There are statutory fees associated with both types of bankruptcy and they are subject to change. As of June 2009 the charge for filing a chapter 7 was $299. This fee does not cover any legal charges that may be levied by legal/professional advisors during the process.
Chapter 13 is a bit more long term and requires an individual to work with the courts to reduce the overall liability. Generally those who opt for chapter 13 will be able to pay their ongoing expenses and will own assets such as houses, cars etc.

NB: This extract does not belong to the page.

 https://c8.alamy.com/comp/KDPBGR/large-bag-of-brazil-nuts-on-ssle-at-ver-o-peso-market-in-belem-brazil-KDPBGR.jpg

When going through chapter 13 bankruptcy the court will appoint a trustee to work with the debtor organising a single monthly fee that the trustee will manage and distribute to the creditors.

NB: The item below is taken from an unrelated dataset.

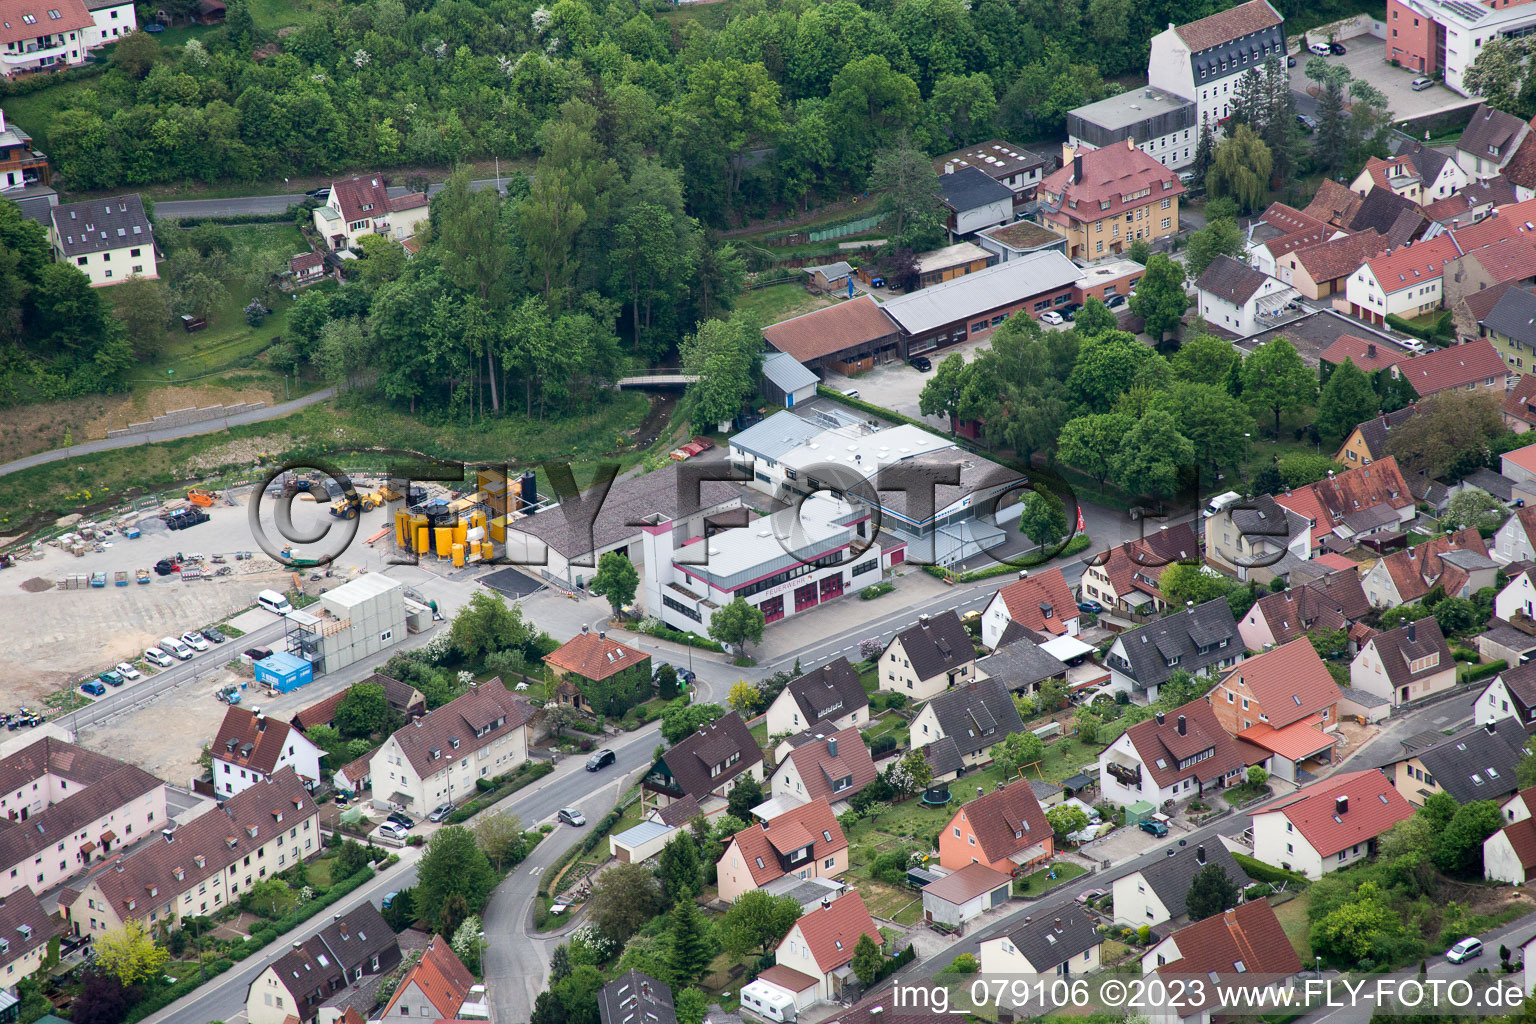 Schonungen dans le département Bavière, Allemagne vue d'en haut

Creditors will no longer have direct contact with the debtor and any disputes or further correspondence must be made through the trustee.

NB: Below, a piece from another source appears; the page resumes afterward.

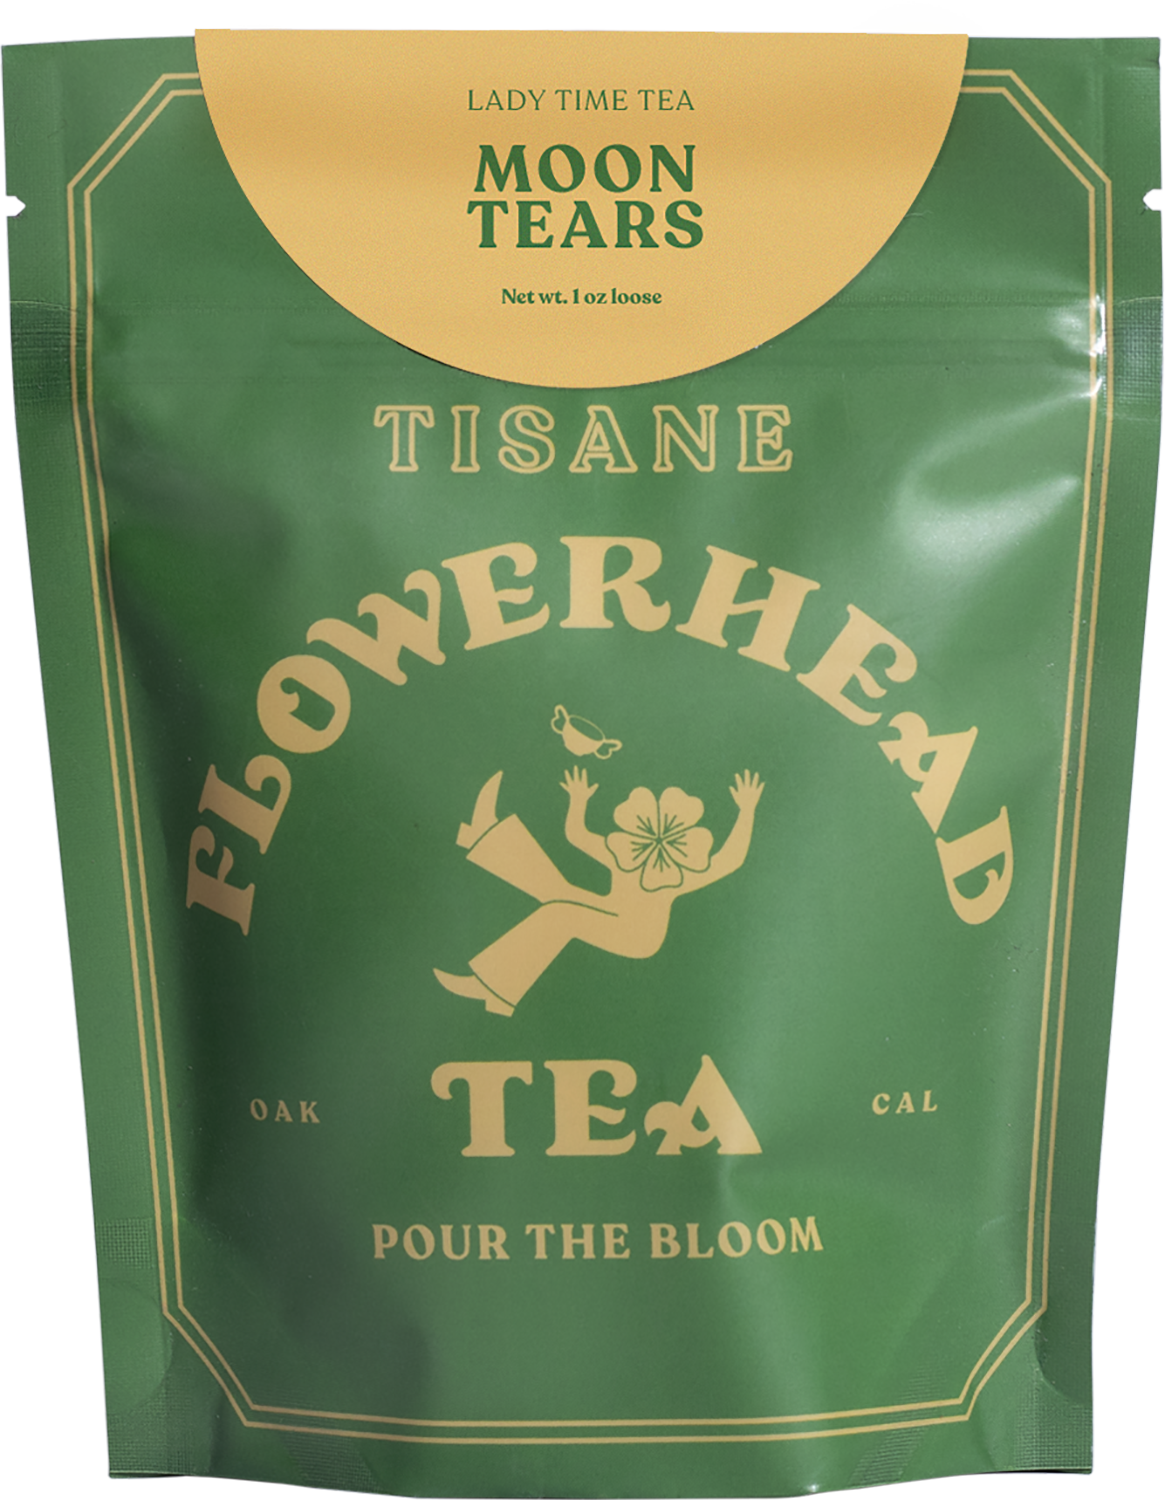 Mate Drank – Flowerhead Tea

The statutory fee for making a chapter 13 application as of June 2009 was $274. As with a chapter 7 application this is a statutory fee which does not include any legal or professional fees associated with the application.
Chapter 13 may be able to prevent foreclosures and/or repossessions, will prevent further harassment by creditors and will generally last for a period of between 3 and up to 5 years.
Whichever route you embark upon you are required to take advice first.
Facts about Bankruptcy
Bankruptcy is not as bad as it’s painted out to be and whilst it is not difficult for someone to find bad news and horror stories across the internet on the subject, I would venture a guess that a good proportion of these are implied by credit card companies or the like, that quite frankly don’t want anybody to go bankrupt as it can be an end to their chances of getting any money back off a debtor.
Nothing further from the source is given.